Another method that relatively takes care of the user experience is to not randomize all the results, but only randomize between different “pairs”. For example, swap the positions of the first and second documents, and then swap the positions of the second and third documents, and so on. With this approach, the authors can still estimate the bias and relevance, but the user experience is better than the first method of complete randomization. However, in reality, this method still sacrifices the user experience to some extent.

Therefore, the authors propose a third method, which is to directly estimate the parameters of the position bias model. That is, they do not want to completely eliminate the position probability using randomization, but estimate the position probability and relevance probability.

Here, because there are two probability variables that need to be estimated, the authors use the traditional Expectation-Maximization (EM) algorithm and propose a method called “Regression-based Expectation-Maximization”. Why do they do this? The reason is that in the traditional expectation-maximization, the authors have to estimate each keyword-document pair. However, in user data, such pairs may be very limited, leading to a lack of data situation. Therefore, the authors propose using a regression model to estimate the relevance between documents and query keywords. That is, utilizing the expectation-maximization to estimate the position bias and utilizing the regression model to estimate the relevance.

Experimental Results of the Method #

This article uses search data from Google’s email and file storage, using logs from two weeks in April 2017. The data set contains approximately four million query keywords, with about five results per keyword. The authors validated their proposed method on this data set and found that it can more effectively capture document biases. The ranking model trained using this method performed 1% to 2% better than models that did not consider biases.

Summary #

Today I talked to you about a paper from the Google team at WSDM 2018. This paper introduces how to estimate the position deviation of documents and then train more effective ranking algorithms.

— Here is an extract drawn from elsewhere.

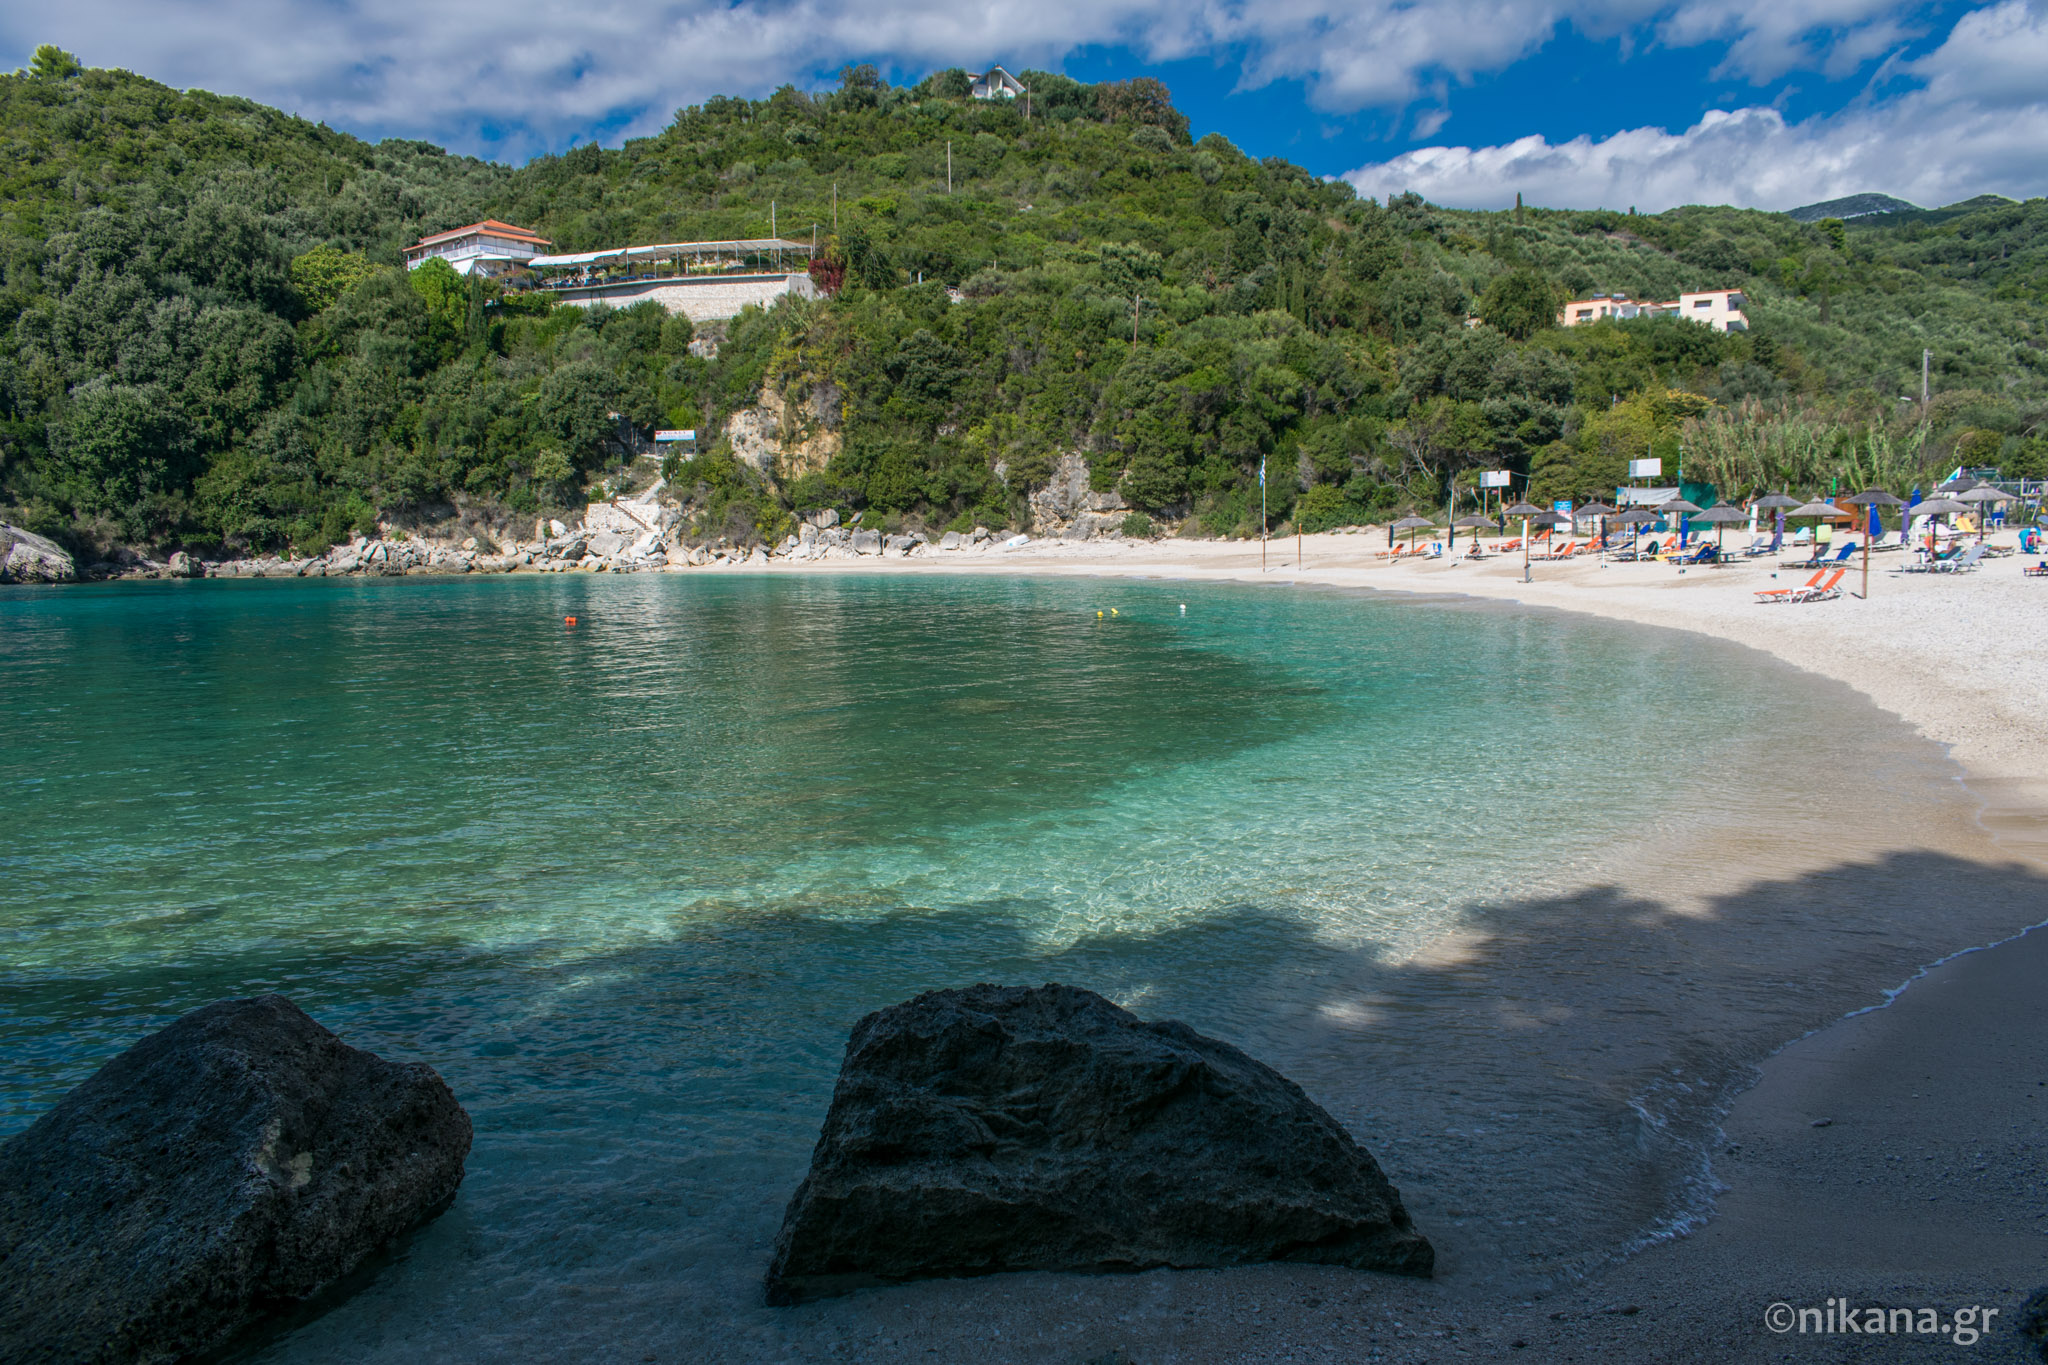 Sarakiniko beach - Epirus beaches| Nikana.gr

Let’s review the key points together: First, we briefly introduced the author group information of this paper; second, we described in detail the problem and contribution that this paper aims to address; third, we briefly introduced the core content of the proposed method in the paper.

Finally, I will leave you with a question to ponder: Is there any requirement for the randomness of the data when estimating position deviation?

References

  1. Thorsten Joachims, Adith Swaminathan, and Tobias Schnabel. Unbiased Learning-to-Rank with Biased Feedback. Proceedings of the Tenth ACM International Conference on Web Search and Data Mining (WSDM ‘17). ACM, New York, NY, USA, 781-789, 2017.